Onear's observations regarding relative institutional size are also rather misleading. By describing his visit to one institution with "about 5000 full- and part-time students," he might leave some readers with the impression that all community colleges tend to operate on a smaller scale than universities. He notes that "it's easier for an institution to handle 5,000 students than 25,000 . . . [and] to work with a few dozen faculty members than a few hundred." While there are certainly many two-year colleges with 5,000 or fewer students (just as there are many four-year institutions in that range), some are actually a bit larger than his own cherished university.
In fact, according to the Digest of Education Statistics, of the 120 largest degree-granting institutions in the country, 24 are two-year colleges. Miami-Dade College is the second-largest institution of any type, with more than 57,000 students. The Houston Community College system serves nearly 40,000. Nine others have 30,000 or more.
And I'm guessing each of them employs more than a few dozen faculty members.
Onear's most startling assertion, by far, is "that most students at community colleges are enrolled there only because (1) their parents and/or spouses are insisting on it; (2) they are unemployed or minimally employed and desperately need some education; or (3) their bosses are making them take classes to stay employed."
In other words, no one in his or her right mind would attend a community college unless he or she positively had to.
Wow. If that were even close to being true, two-year colleges would indeed be pretty grim places. Fortunately, it's not, and they're not.
The truth is, the typical community-college campus these days looks, demographically, a lot like the typical four-year campus. Certainly, we serve a fair number of "disadvantaged students who don't have much money," along with many students who are academically underprepared, and a healthy dose of adult students returning to school. We do so proudly. (It is God's work, after all.)
However, according to statistics compiled by the American Association of Community Colleges, the average age of two-year students has been trending sharply downward in recent years, meaning that we are now enrolling many of the students who used to end up at midsize state universities -- or even, in some cases, the big research institutions.
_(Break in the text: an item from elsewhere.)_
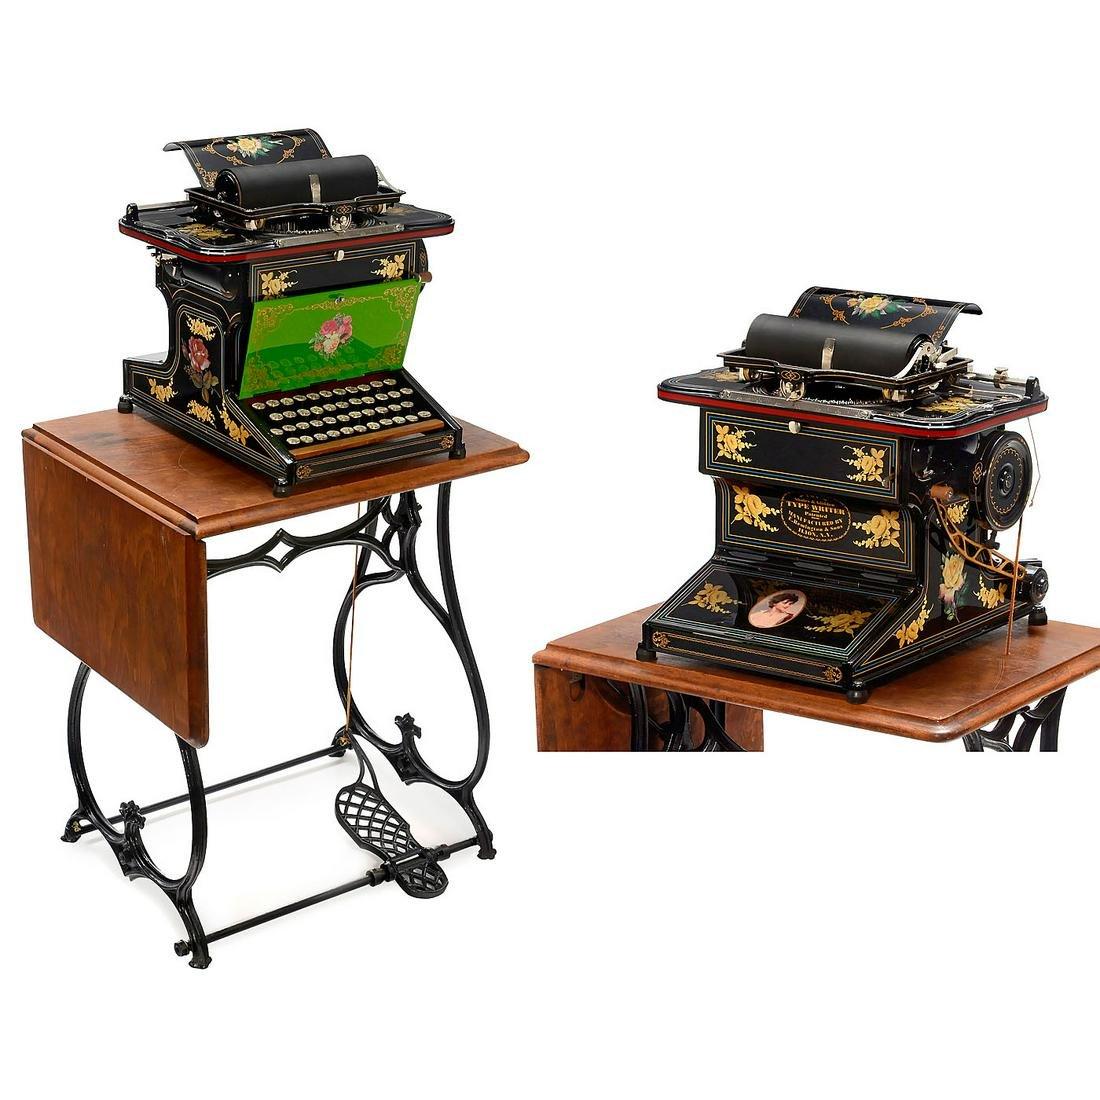 Sholes & Glidden Typewriter, 1873

That's partly because of money, as Onear suggests. But really it's more about value, which is to say the intersection between cost and quality. What people like Onear fail to recognize is that, these days, lots of students go to community colleges because they've figured out they can get a high-quality education there -- in smaller classes, taught by actual professors instead of graduate students -- for a fraction of the cost. They've also learned that they can transfer to four-year institutions, if that's what they want to do, and be very competitive.
In other words, community colleges are no longer just for students who can't go anywhere else, if indeed we ever were. We've become a major portal for all kinds of students to enter higher education. And all kinds of students are doing so in record numbers: Nearly half of all U.S. undergraduates attend two-year colleges, according to the community-colleges' association.
That, of course, is a message we have been trying to convey for years, and one that finally appears (from my vantage point, at least) to be taking hold.
But you would never know that from reading Onear, who seems content with recycling the tired stereotypes of decades past. I understand that in doing so he doesn't intend to demean community colleges, or those who attend them, or those who work there, but -- well, you know what they say about good intentions.
Try not to hold it against him, though. Instead, just think of him as unenlightened.
Rob Jenkins is an associate professor of English and director of the Writers Institute at Georgia Perimeter College. He writes occasionally for our community-college column.